• RAW DATA:
>>>

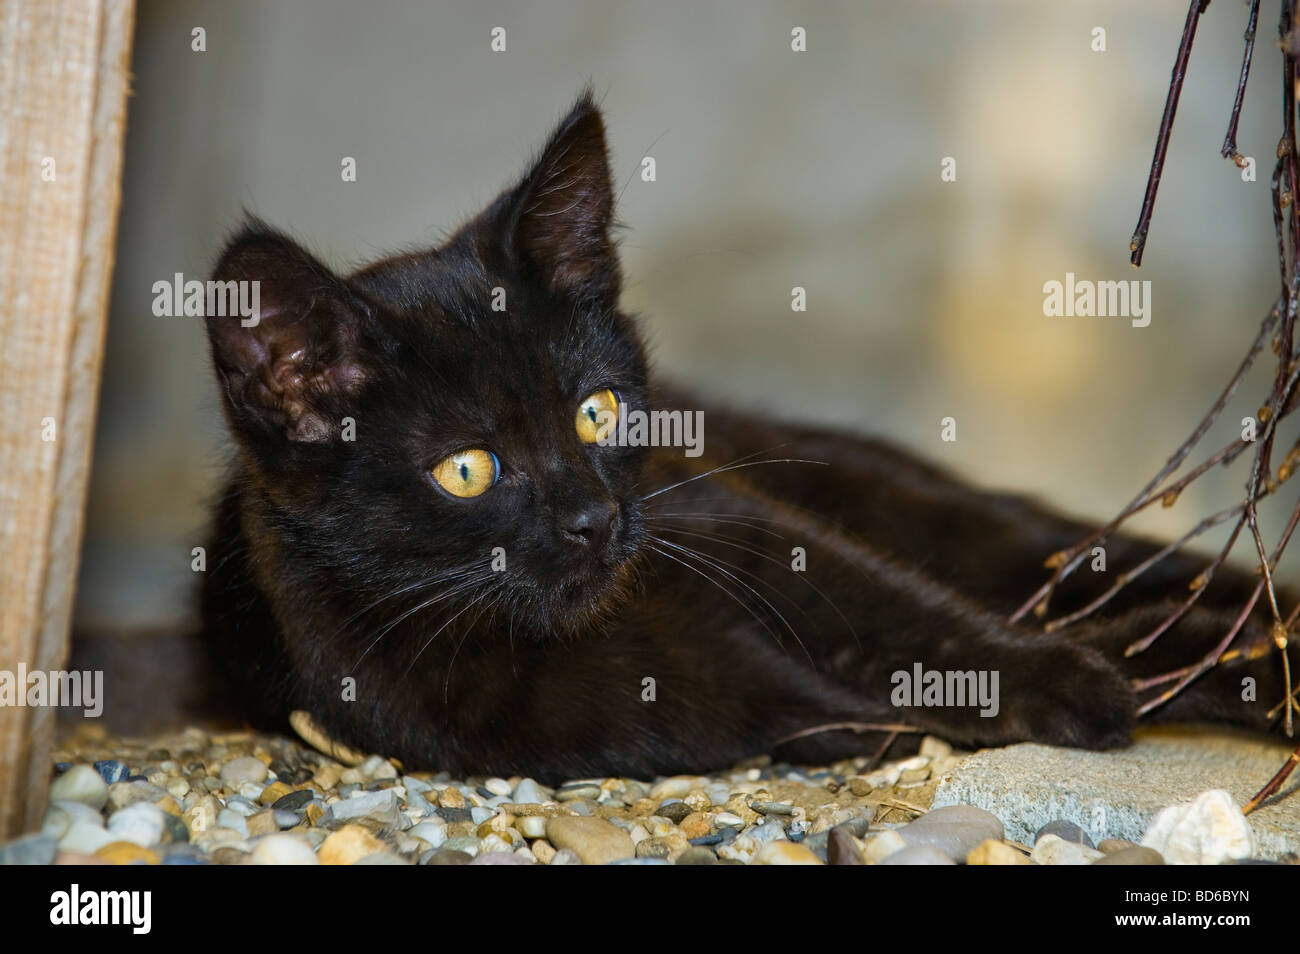 junge schwarze Katze mit geheimnisvollen gelben Augen Kätzchen im freien verlegen Verlegung Aussehen suchen Tiere Katze Kätzchen Abend Licht Cateye Auge g Stockfoto
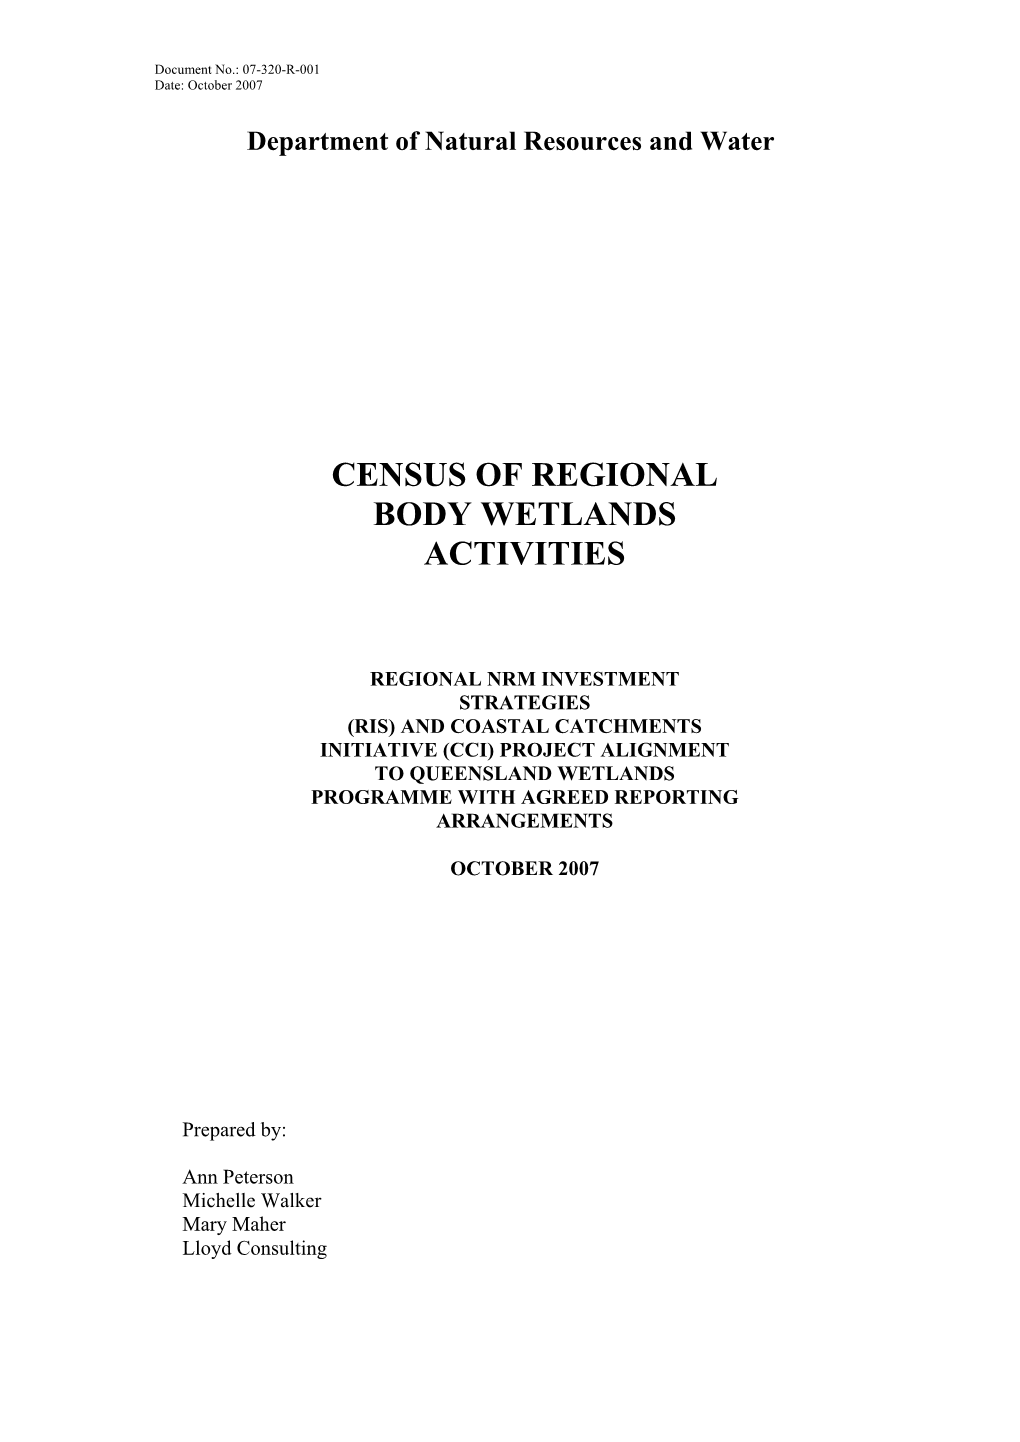 Census of Regional Body Wetlands Activities)
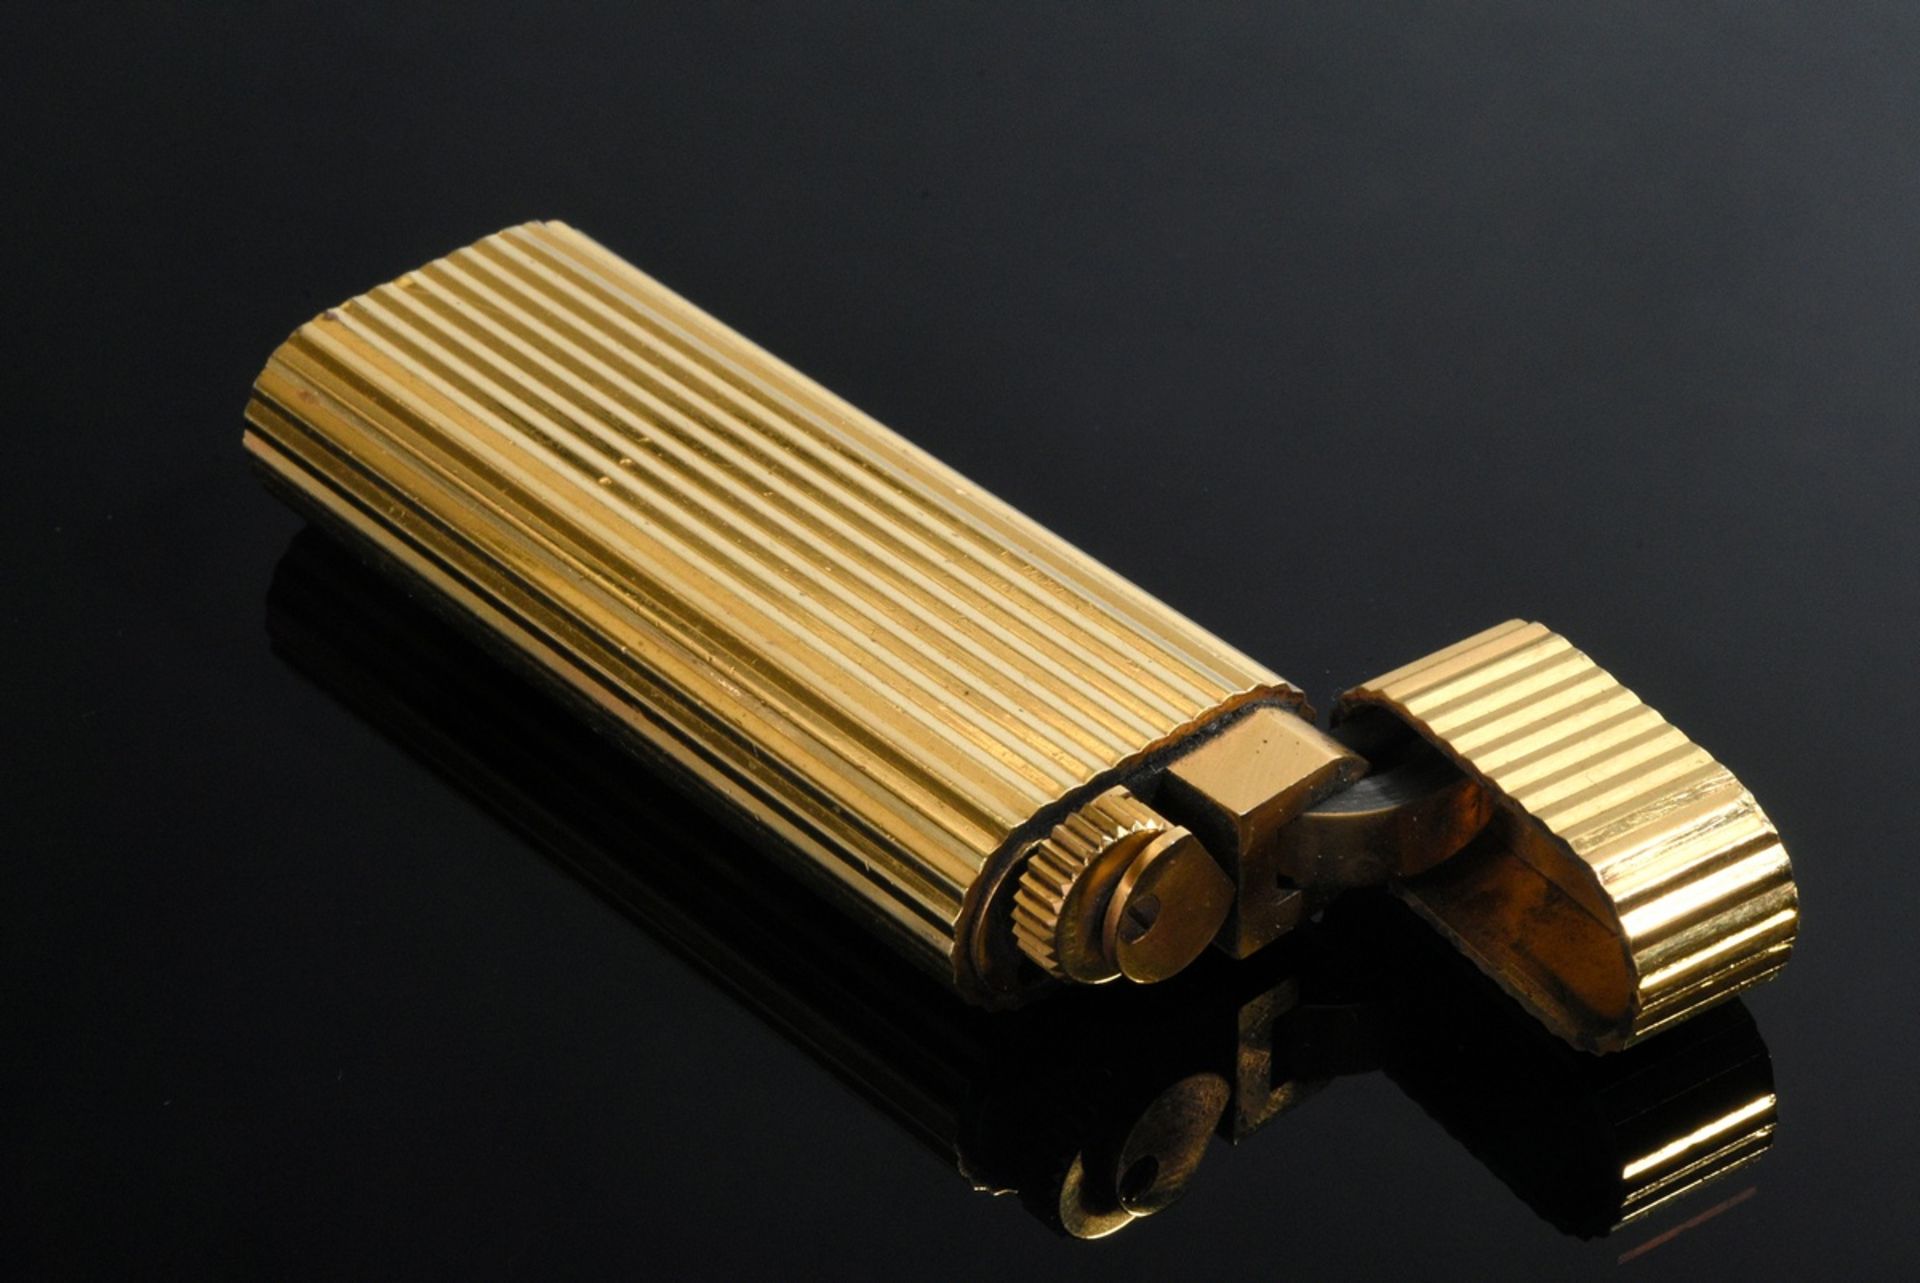 Le Must de Cartier Feuerzeug, Goldauflage, Nr. C 10863, 7x2,5cm, funktionstüchtig, Kratzer, starke  - Bild 2 aus 5

<<<

• REQUIRED WORK:
For each line above, output its wording exactly and leave out any picture.

• RESPONSE TO THE TASK:
 junge schwarze Katze mit geheimnisvollen gelben Augen Kätzchen im freien verlegen Verlegung Aussehen suchen Tiere Katze Kätzchen Abend Licht Cateye Auge g Stockfoto
 Census of Regional Body Wetlands Activities)
 Le Must de Cartier Feuerzeug, Goldauflage, Nr. C 10863, 7x2,5cm, funktionstüchtig, Kratzer, starke  - Bild 2 aus 5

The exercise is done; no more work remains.